# Extracted entries:

□ □ □ □

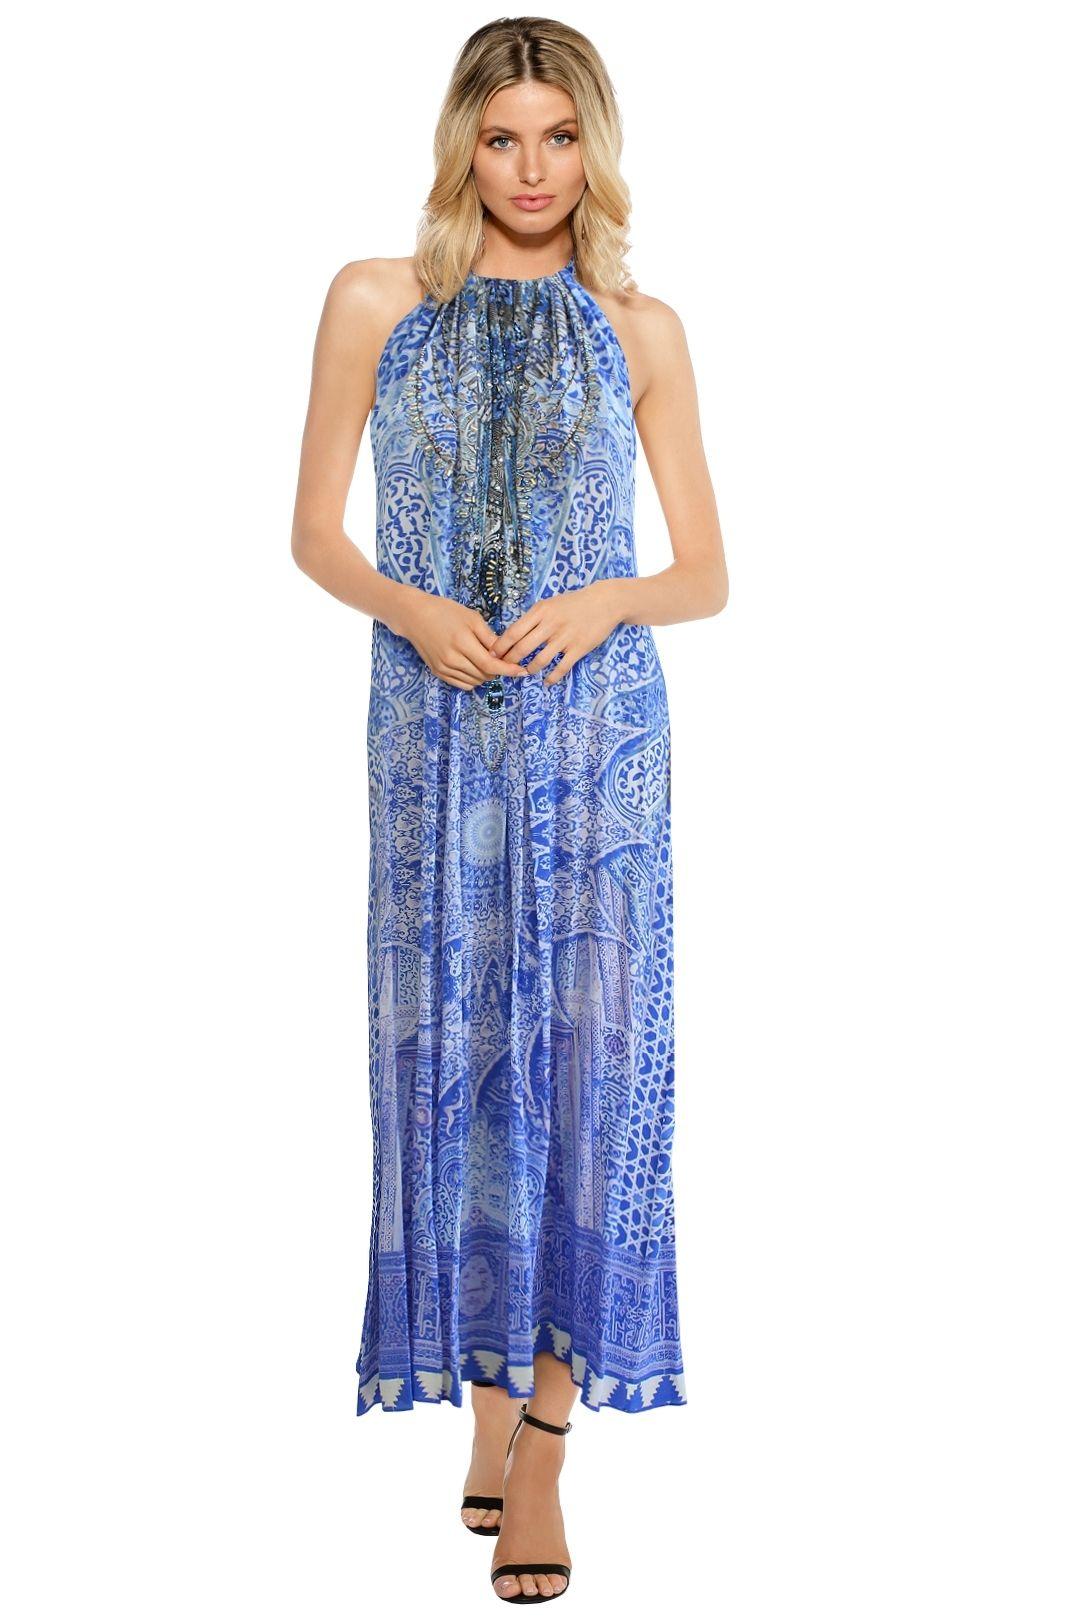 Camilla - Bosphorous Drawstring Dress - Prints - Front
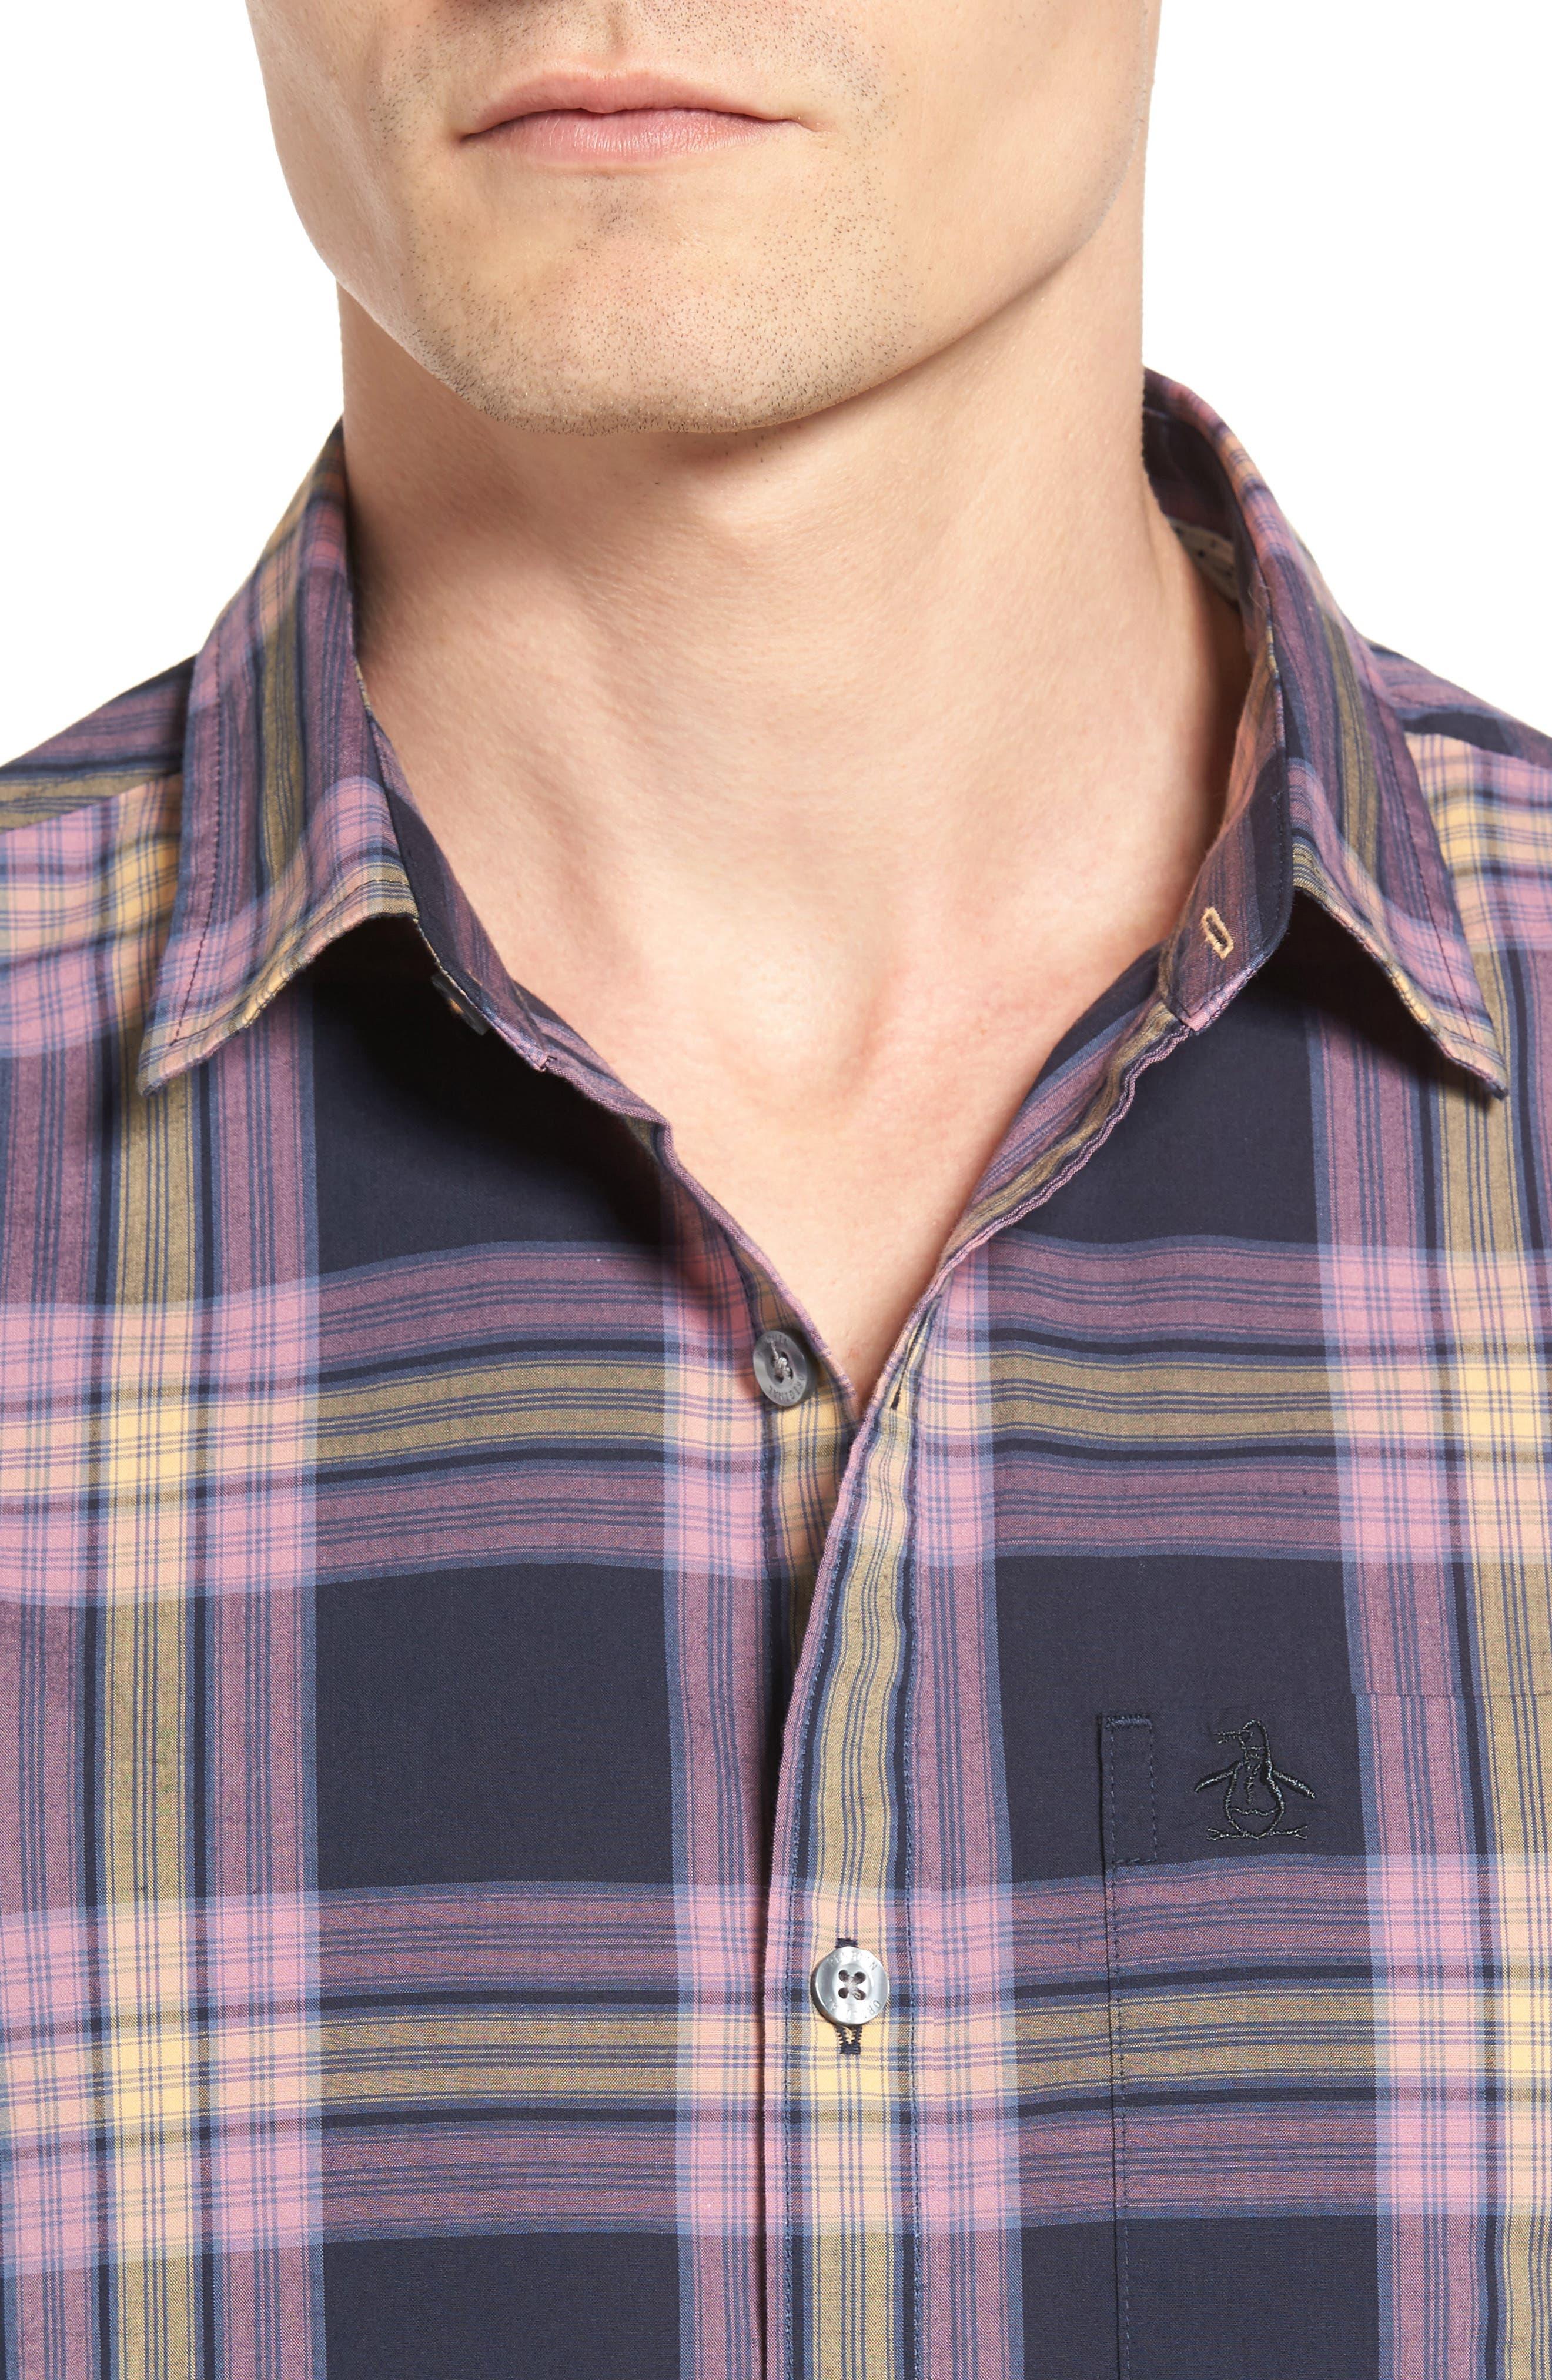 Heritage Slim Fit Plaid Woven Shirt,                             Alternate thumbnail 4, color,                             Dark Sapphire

□ □ □ □

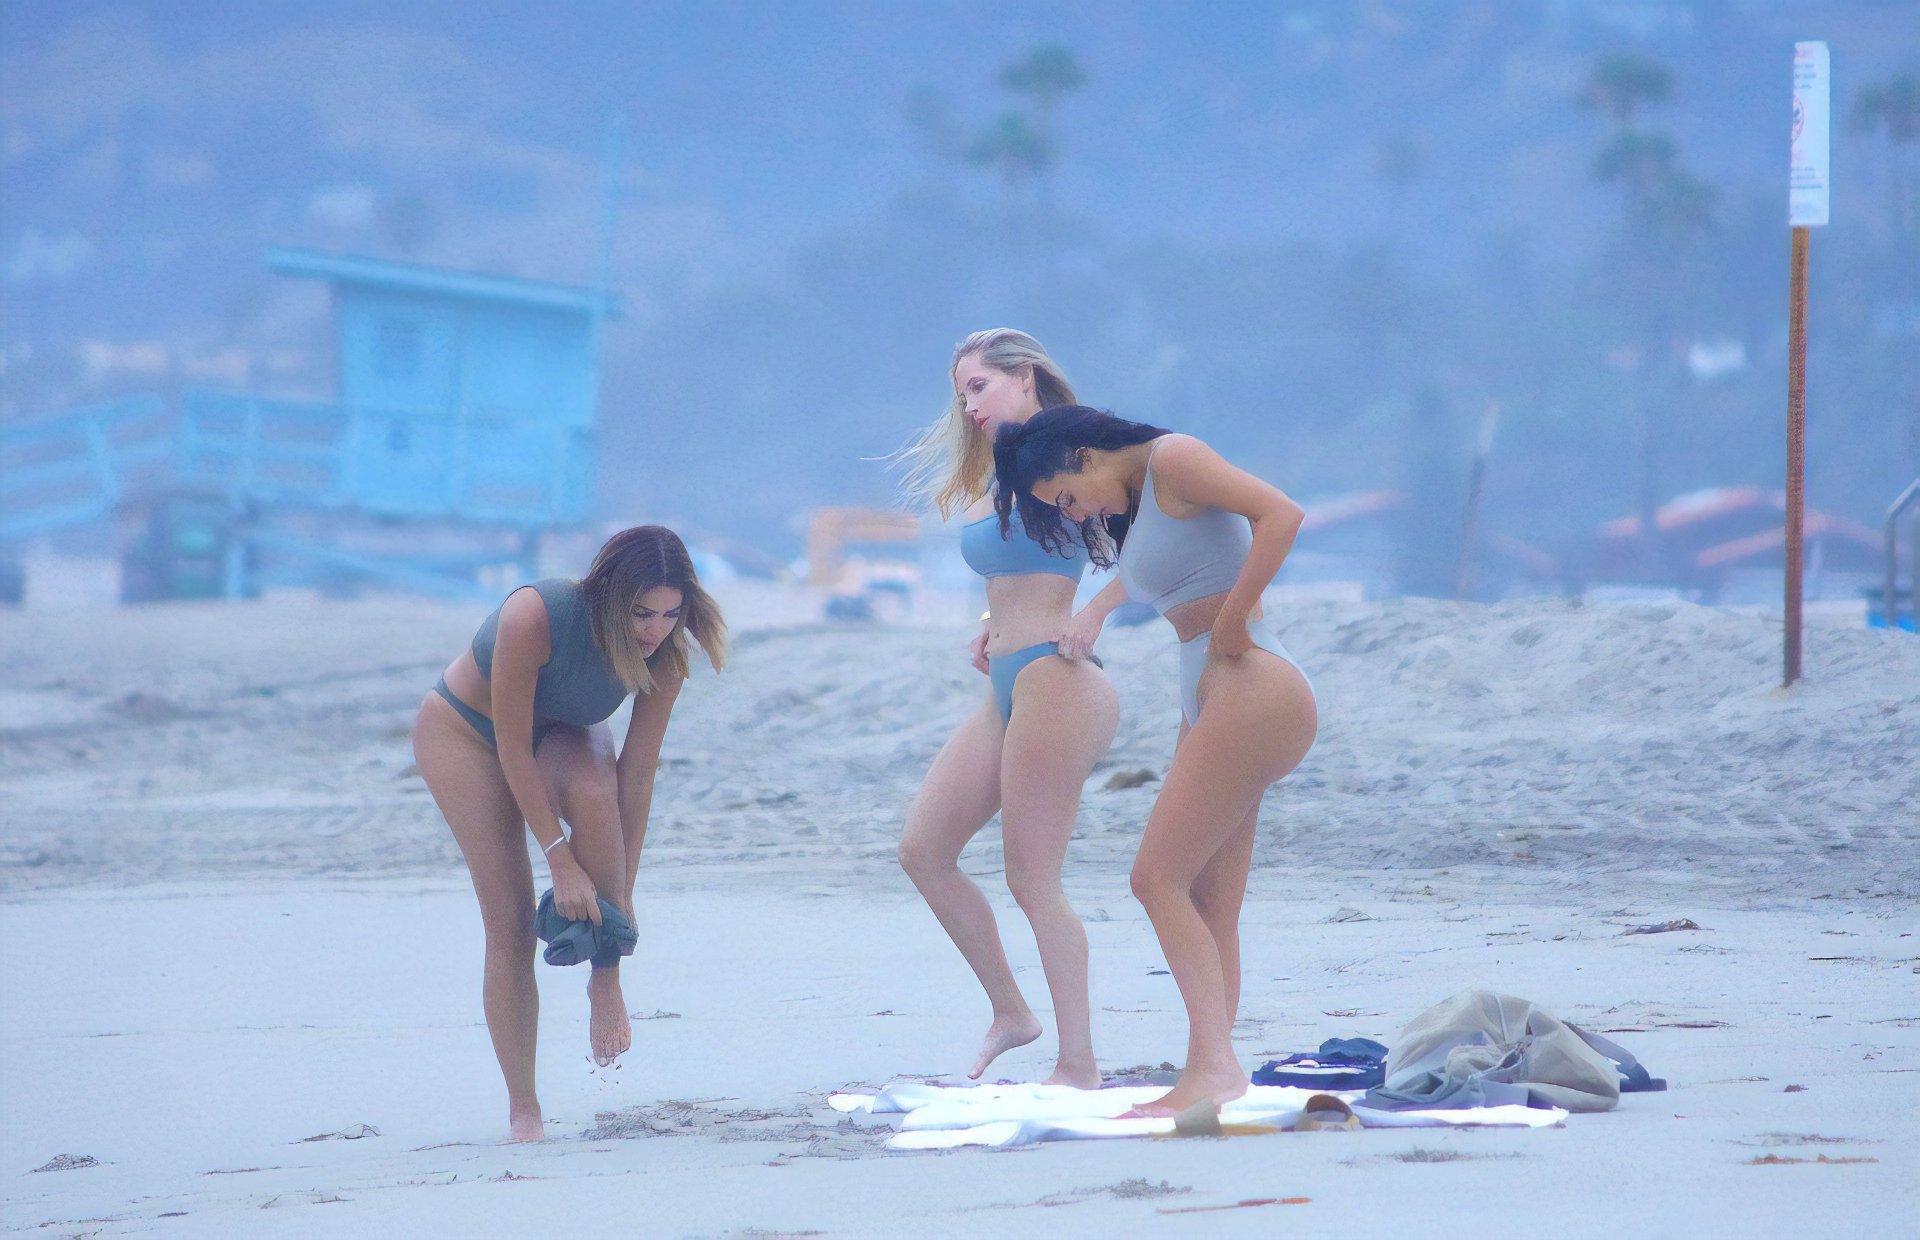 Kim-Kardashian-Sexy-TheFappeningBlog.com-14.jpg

□ □ □ □

# How to complete this task:
Print exactly, with no pictures, the lines above from the one that holds "Camilla - Bosphorous" through the one that holds "Heritage Slim Fit", both of them included.

# Output below:
 Camilla - Bosphorous Drawstring Dress - Prints - Front
 Heritage Slim Fit Plaid Woven Shirt,                             Alternate thumbnail 4, color,                             Dark Sapphire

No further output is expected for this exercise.